Full length articleAdaptive ensemble of classifiers with regularization for imbalanced data classification
Introduction
Imbalanced data classification refers to the classification of datasets with significantly different instance numbers across classes [1]. Specifically, for the binary imbalanced data classification problem, there is usually a dominating number of instances from one class (the majority class) and a few instances belonging to the other class (the minority class). The problem of binary imbalanced data classification is common in engineering and scientific practices [2], [3], [4]. The problem is non-trivial, because most of the general-purpose classification methods will overwhelmingly favor the majority class in the label-imbalanced scenario, leading to significant performance degradation. Consequently, the development of binary imbalanced classification algorithms has become an independent and active research area.
Among the popular algorithms for binary imbalanced classification, the dynamic ensemble of classifiers has attracted significant attention. It works by training multiple classifiers using different subsets of the data, and dynamically selecting from, or combining them, during the inference process. By picking the most competent classifier(s) for each specific test instance, this approach can mitigate the “majority favoritism” in imbalanced data classification [5], [6]. There are various advanced algorithms built on the strategy of the dynamic ensemble model, and the novelty of most of them lies in their use of certain new techniques to ‘ensemble’ models. For instance, [7] proposes a generalized mixture function to combine different classifiers, and [8] proposes an adaptive ensemble method based on the classification problem. We review a few similar methods in this paper, and more details are presented in Section 2.
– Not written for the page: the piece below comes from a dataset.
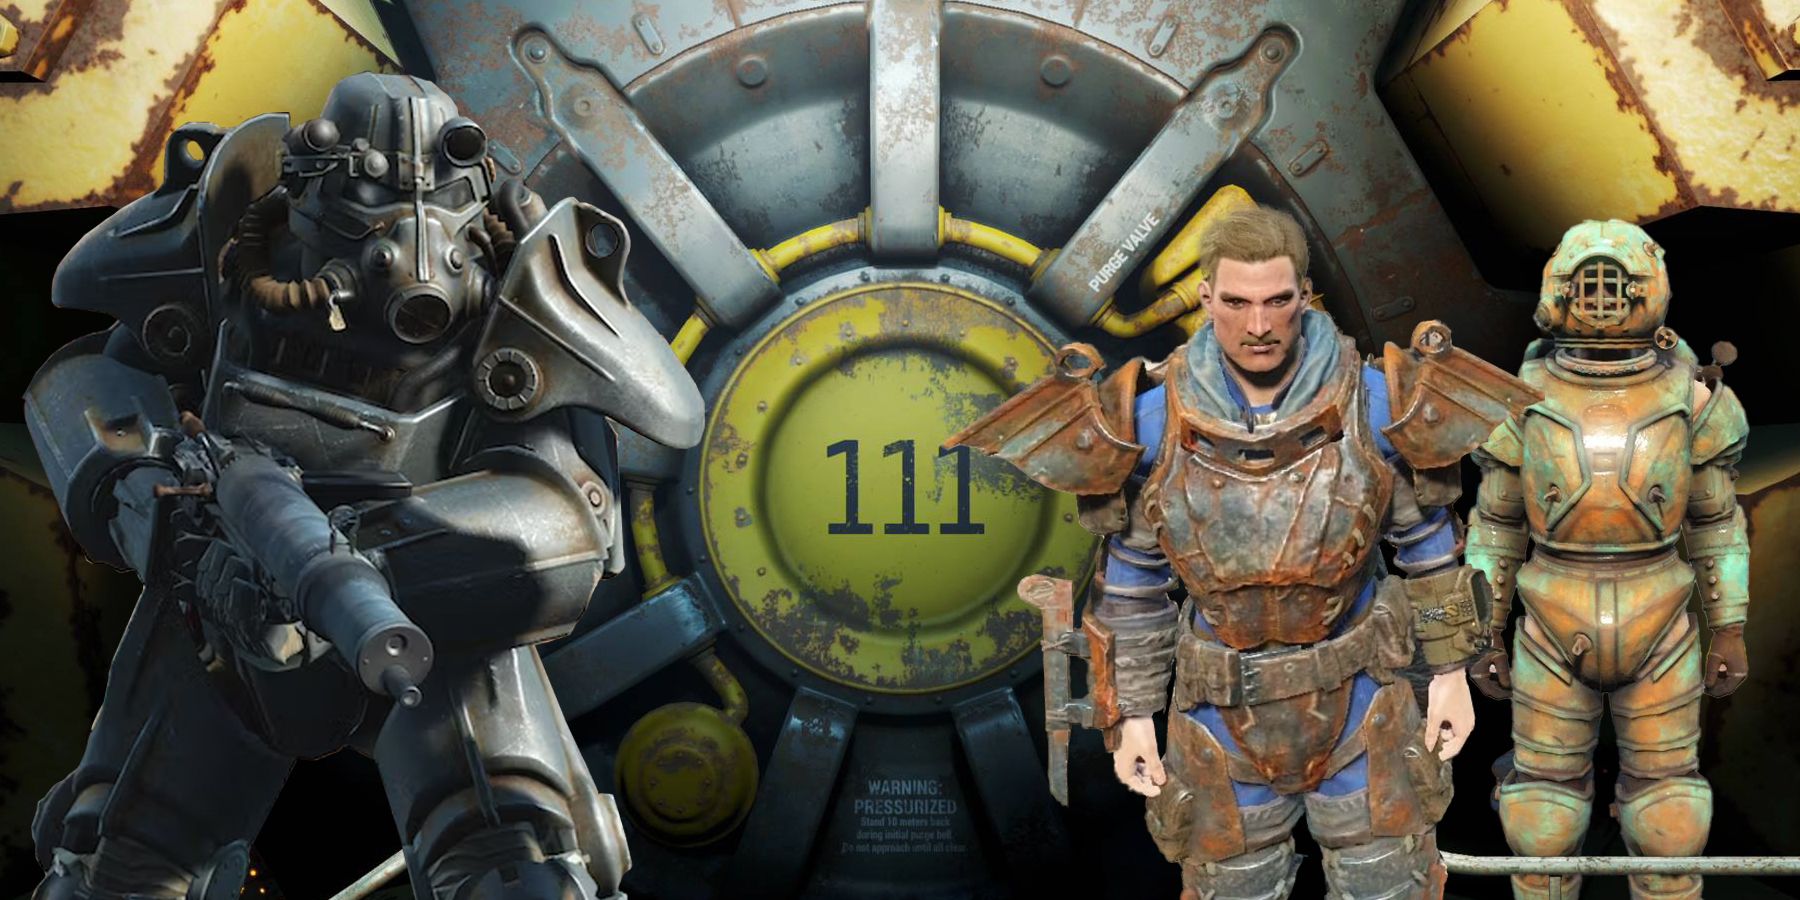 A group of Fallout 4 characters standing in front of a circular metal door and wearing the best armor in the game

Despite the success of the dynamic ensemble of classifiers with regard to various tasks, we are unaware of any existing model that addresses the overfitting exhibited by such classifiers. Overfitting is a common problem, wherein the behavior of the classifiers overly fit the training data. This adversely affects the performance on the test data, because not all the information in the training data is useful (e.g. noises). At first glance, it appears that the dynamic ensemble of classifiers can safely circumvent the curse of overfitting, because they utilize the test data during the selection of classifiers. However, because each classifier is usually trained using a small subset of data (which contains information from the local geometry only), dynamically picking the most competent of them can lead to the overfitting of the local geometry of these classifiers. Even if we interpolate the dynamic ensemble with a set of (fixed) trained weights for the classifiers, the overfitting problem will persist, as the weights are obtained purely from the training data. Hence, it seems there is no simple solution to the overfitting problem of the dynamic ensemble of classifiers.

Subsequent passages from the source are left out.